So what does this mean for the healthy lifestyle we have been trying so very hard to live? Well it means days like today are 1,000 times harder than they used to be. Maybe it's because we are getting older or maybe it is because we have been taking such good care of ourselves- but I don't think I could walk more than 20 feet right now. No I am not hungover- it is purely from lack of sleep and it amazes me how much this affecting me. In college we would go out late on the weekends EVERY week and during the week I would barely sleep because of studying and just not caring about sleeping enough. I could function almost totally normally and now I feel like a zombie. I honestly think days like this when you totally throw your system off you can see all the progress you have made. I know that sounds backwards- but I have had my body in a healthy pattern of sleeping 8 hours plus and eating mostly clean for such a long extended period that one day off causes this much of an effect on me.
So is it worth it??? After all of this hard work?? Umm...yes. Totally worth it. I think in the pursuit of health and happiness it is necessary to give yourself a weekend once in a while. Could I have had made better eating choices? Of course I could have, but where is the fun in that? I could have come home and ate a banana with almond butter and left all of our friends hours earlier to make sure we got more sleep- but sometimes in the pursuit of being healthy to live longer we forget to actually live. What is the point in living to age 100 if you live too strict and confined within your healthy ways and leave no room for spontaneous fun? Now- am I going to do this every weekend? NOWAY. Number 1- it might actually kill me and Number 2- my body would never heal.

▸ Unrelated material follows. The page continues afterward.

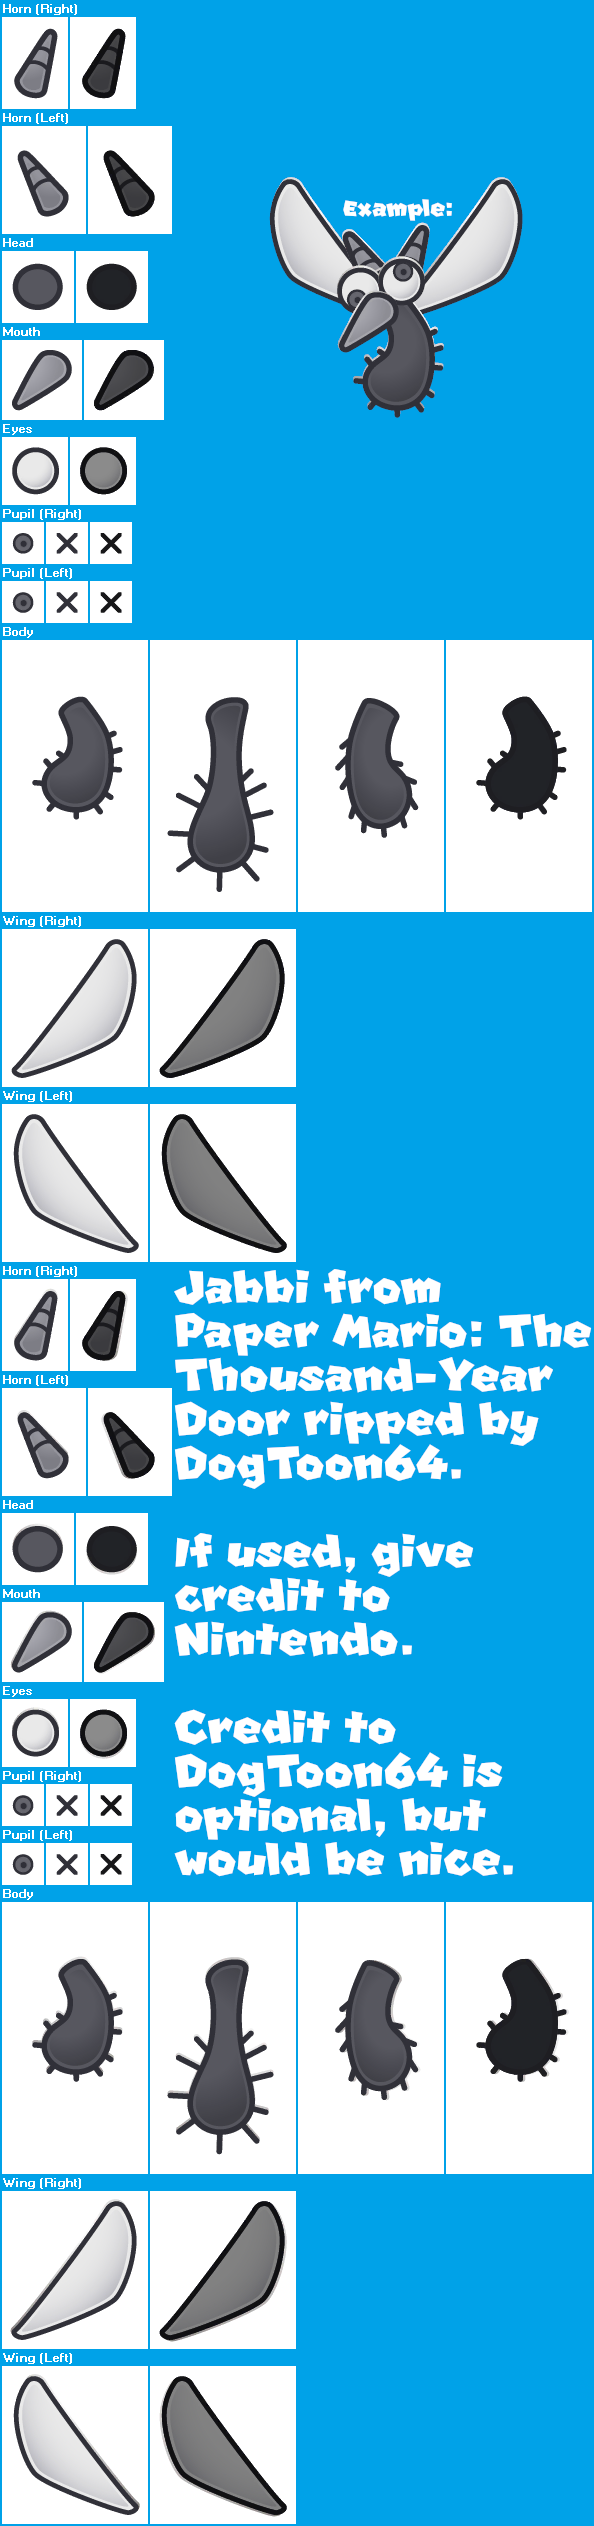 Paper Mario: The Thousand-Year Door - Jabbi

This actually reminds me of an article I was reading the other day. It was about a woman named Elsie who was the oldest person in America at age 113 when she recently passed. Here is the article. The article wasn't full of comments on how healthy she ate or how she always got 8 hours of sleep- but it was about her big heart. She said she loved people. She would wake up every morning and say "what a beautiful day it is" and if it was raining she would say, "we will make our own sunshine today". How inspiring is that? Isn't that point of our lives- to love one another and to bring sunshine everywhere we go? I know I blog about eating Paleo and trying my best to be healthy- but the reasoning behind these decisions in the way I eat all go back to what makes me feel like my happiest, my most whole- self. And I can tell you right now if I stayed up to 4 AM every day and ate Taco Bell I would be very unhappy, and on the flip side if I didn't allow myself that fun once in a while I also wouldn't be very happy. Balance is one of the hardest concepts to master and I honestly think I will spend my life in pursuit of true balance- and I am fine with that. But I think the absolute most important part of living a long and healthy and happy life is loving other people and making your own sunshine. I think we all can take a few pages out of Elsie's book and the next time we get angry or we feel dislike for someone else we think about what that does to our bodies. I think feeling hate and meanness towards others is worse for our health than drinking a liter of mountain dew and eating a box of twinkies. I hope that every day I can brighten someone else's day in a small way and that I can find my happiness by being the best version of myself that I can be.
I know this was a long rant and tomorrow I will post some recipes of the healthy stuff we ate this week :)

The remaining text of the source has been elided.